Primary Risk Drivers

Below is a snapshot of domains that materially influence the MARA Rating. 

Clinical effectiveness

Entrectinib shows a moderate benefit over current care, with a high overall response rate of 73.4% and a median progression-free survival of 16.8 months in the STARTRK-2 trial. However, the evidence is based on a single-arm trial and indirect comparisons, which introduces uncertainty regarding its effectiveness compared to standard treatments. This strengthens the market access risk assessment and overall reimbursement probability.

Cost effectiveness

The cost-effectiveness estimates for entrectinib are within the range NICE considers acceptable for end-of-life treatments, with an ICER ranging from £21,607 to £42,572 per QALY gained. This suggests a clear cost-effective profile under common thresholds. This informs pricing and reimbursement risk and pharmaceutical reimbursement forecasting.

Quality of life

The document does not provide specific data on HRQoL improvements associated with entrectinib. While the treatment is expected to delay chemotherapy and is valued by patients, there is no substantial evidence of significant improvements in quality of life metrics. These outcomes align with HTA decision predictors and support pricing and reimbursement assessment.

Supporting Domains

Safety and Adverse Effects

Entrectinib is reported to have a good safety profile, with manageable adverse events. The document indicates that the adverse effects are mostly mild to moderate, aligning with the safety profiles of existing therapies. This profile reduces payer uncertainty and supports access risk forecasting.

Comparator Selection

The main comparator, pemetrexed with platinum chemotherapy, is appropriate; however, the evidence for this comparator is derived from ALK-positive NSCLC studies, which introduces uncertainty regarding the validity of the comparisons made. This aligns with HTA comparator analysis and strengthens the market access submission.

Patient Population and Subgroups

The trial population is considered representative of the intended patient population, specifically focusing on adults with ROS1-positive advanced NSCLC. The document discusses the inclusion of relevant subgroups, although the overall sample size is small. This enhances reimbursement likelihood rating and payer relevance.

Care Pathway Integration

Entrectinib can be integrated into existing treatment pathways with minor adjustments, as it is an oral treatment that can delay the need for chemotherapy, which is favorable for both patients and clinicians. This supports budget impact analysis and facilitates market access feasibility.
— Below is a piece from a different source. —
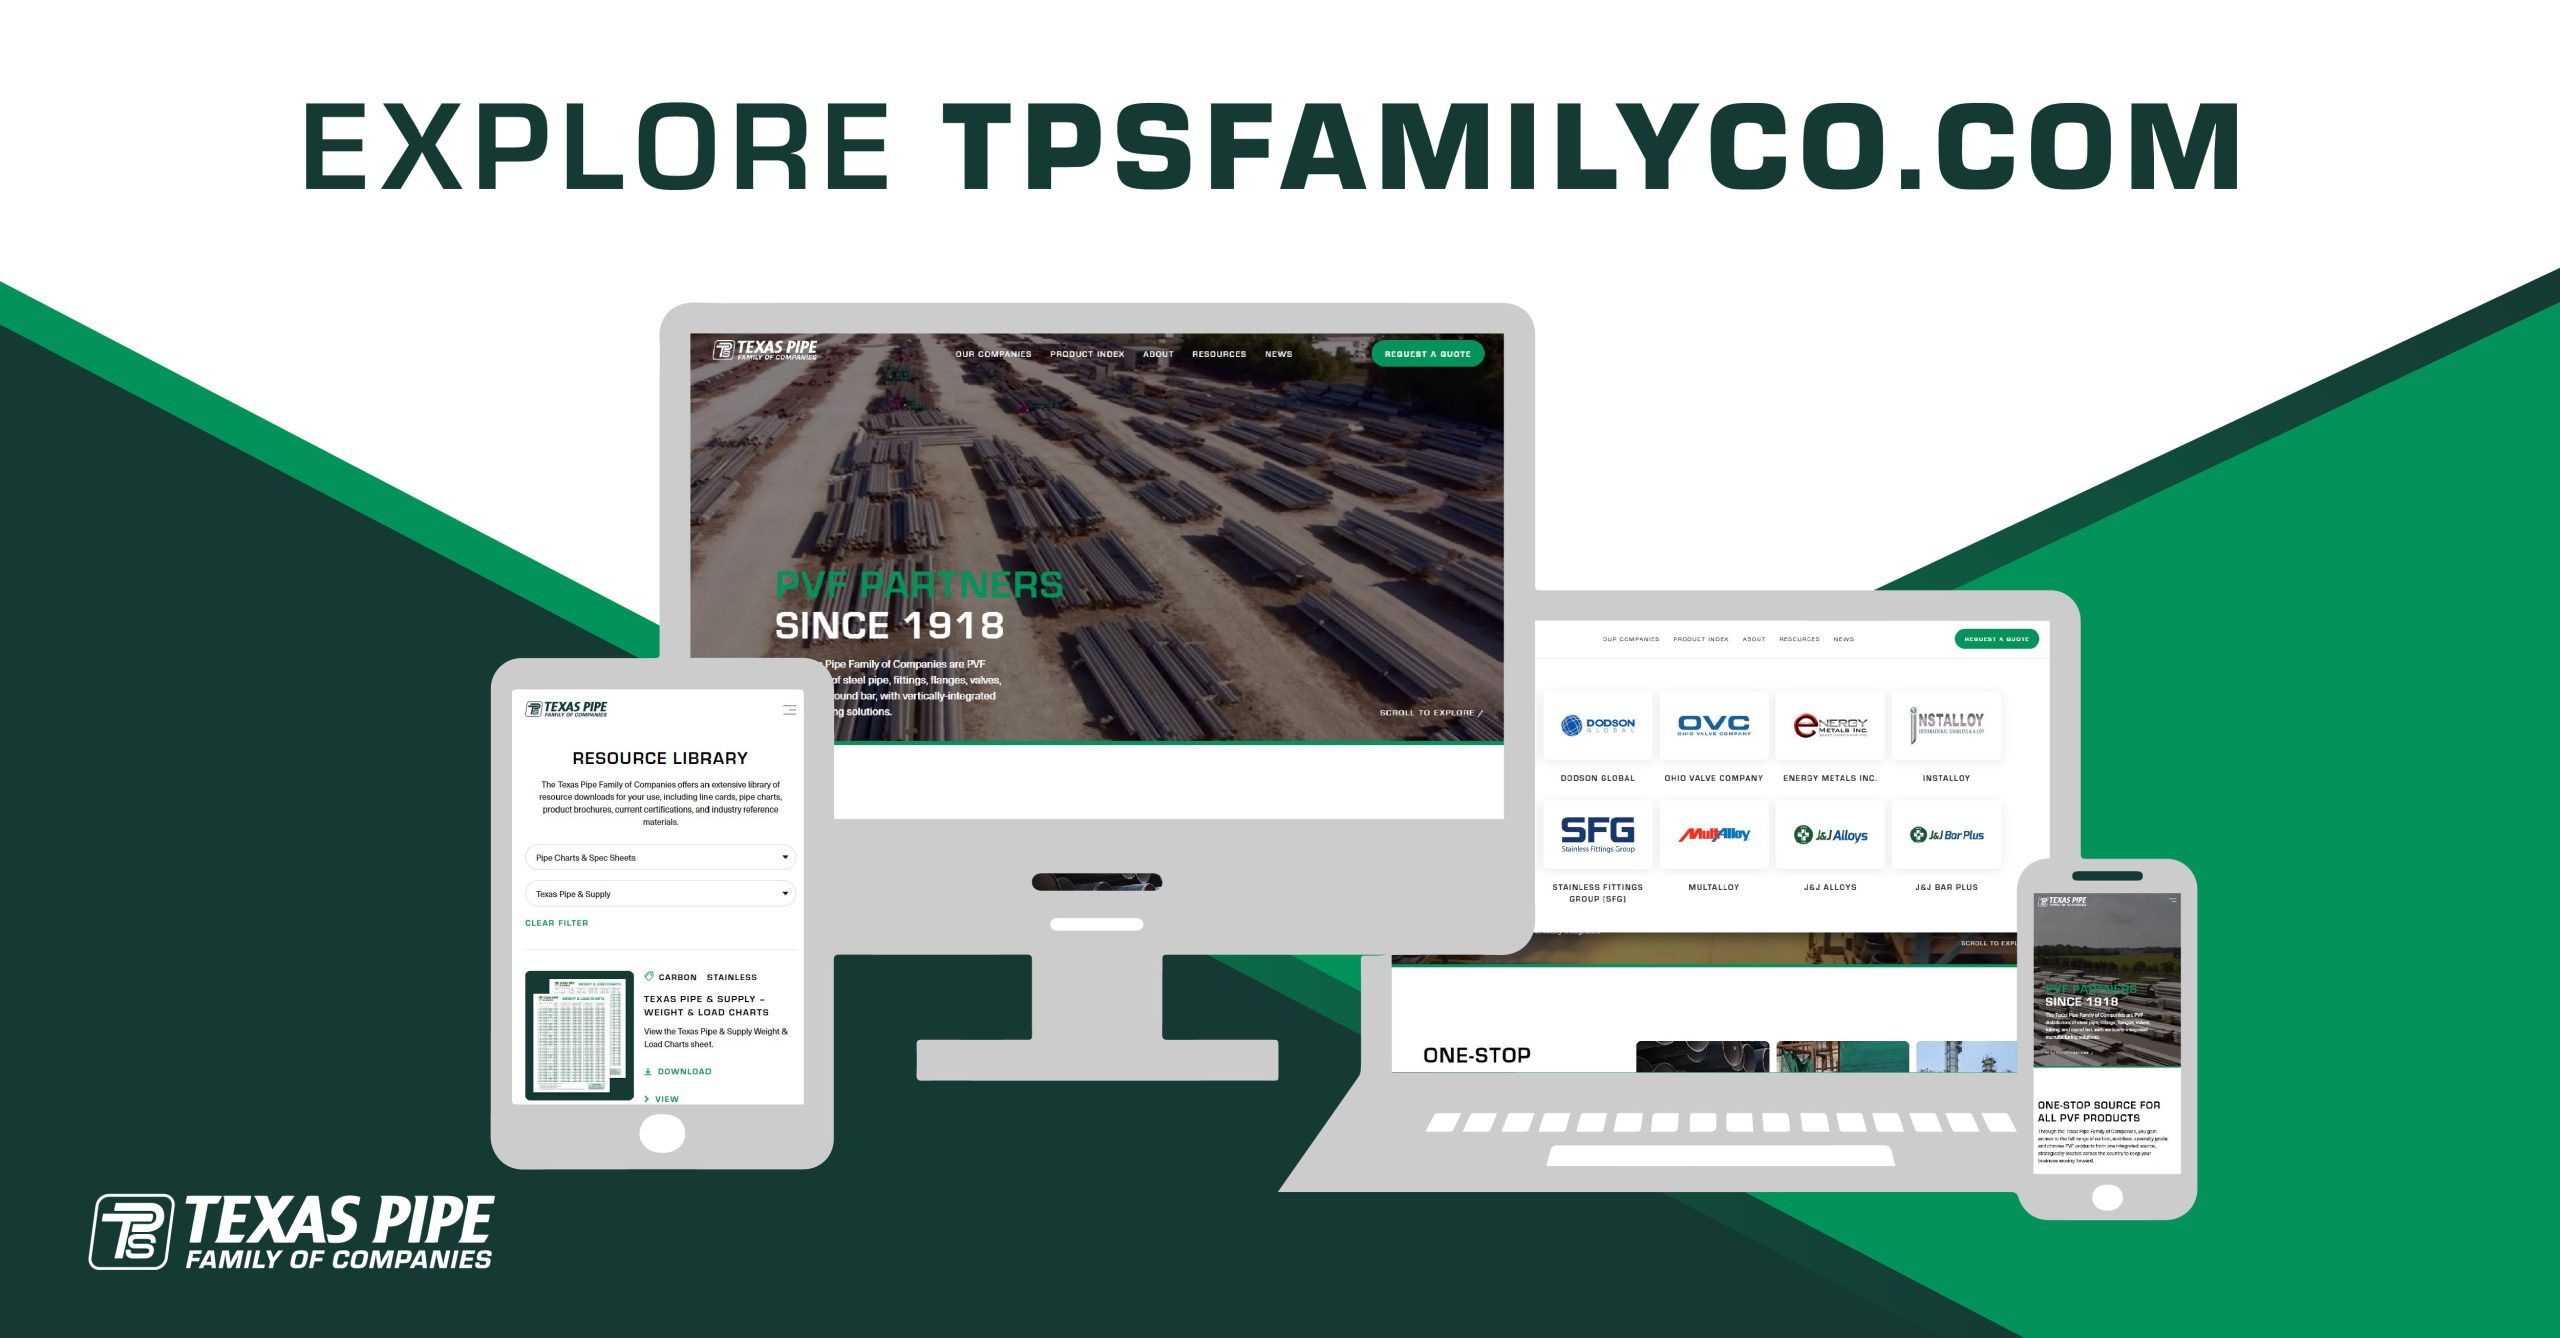 Texas Pipe Family of Companies: PVF Distributors with integrated manufacturing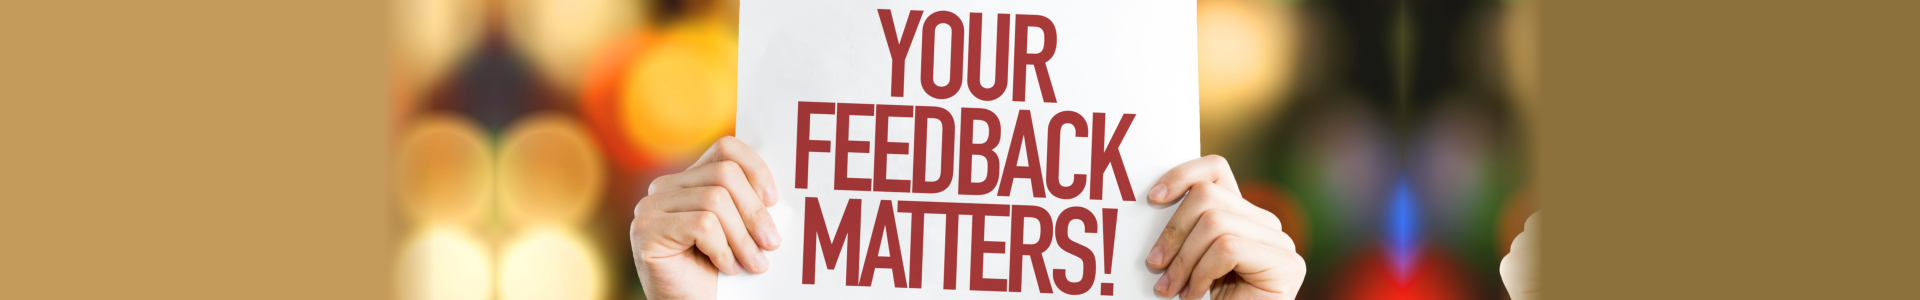 your feed back matters signage

Resource Use and Cost Implications

The resource implications of using entrectinib are manageable, with the potential for cost savings due to its oral administration and the ability to delay chemotherapy. The commercial arrangement also supports its affordability. This supports pricing model stress-testing and payer evidence expectations.

Evidence Quality and Robustness

The evidence base includes data from a single-arm trial and indirect comparisons, which raises concerns about robustness and potential biases. While the results are promising, the reliance on proxy data introduces uncertainty. These outcomes align with HTA decision predictors and support pricing and reimbursement assessment.

Uncertainty, Sensitivity, and Broader Impacts

There are significant uncertainties regarding the survival estimates and the effectiveness of entrectinib compared to standard treatments, particularly due to the use of indirect comparisons and the small patient population. These factors elevate access risk forecasting within HTA evaluation frameworks.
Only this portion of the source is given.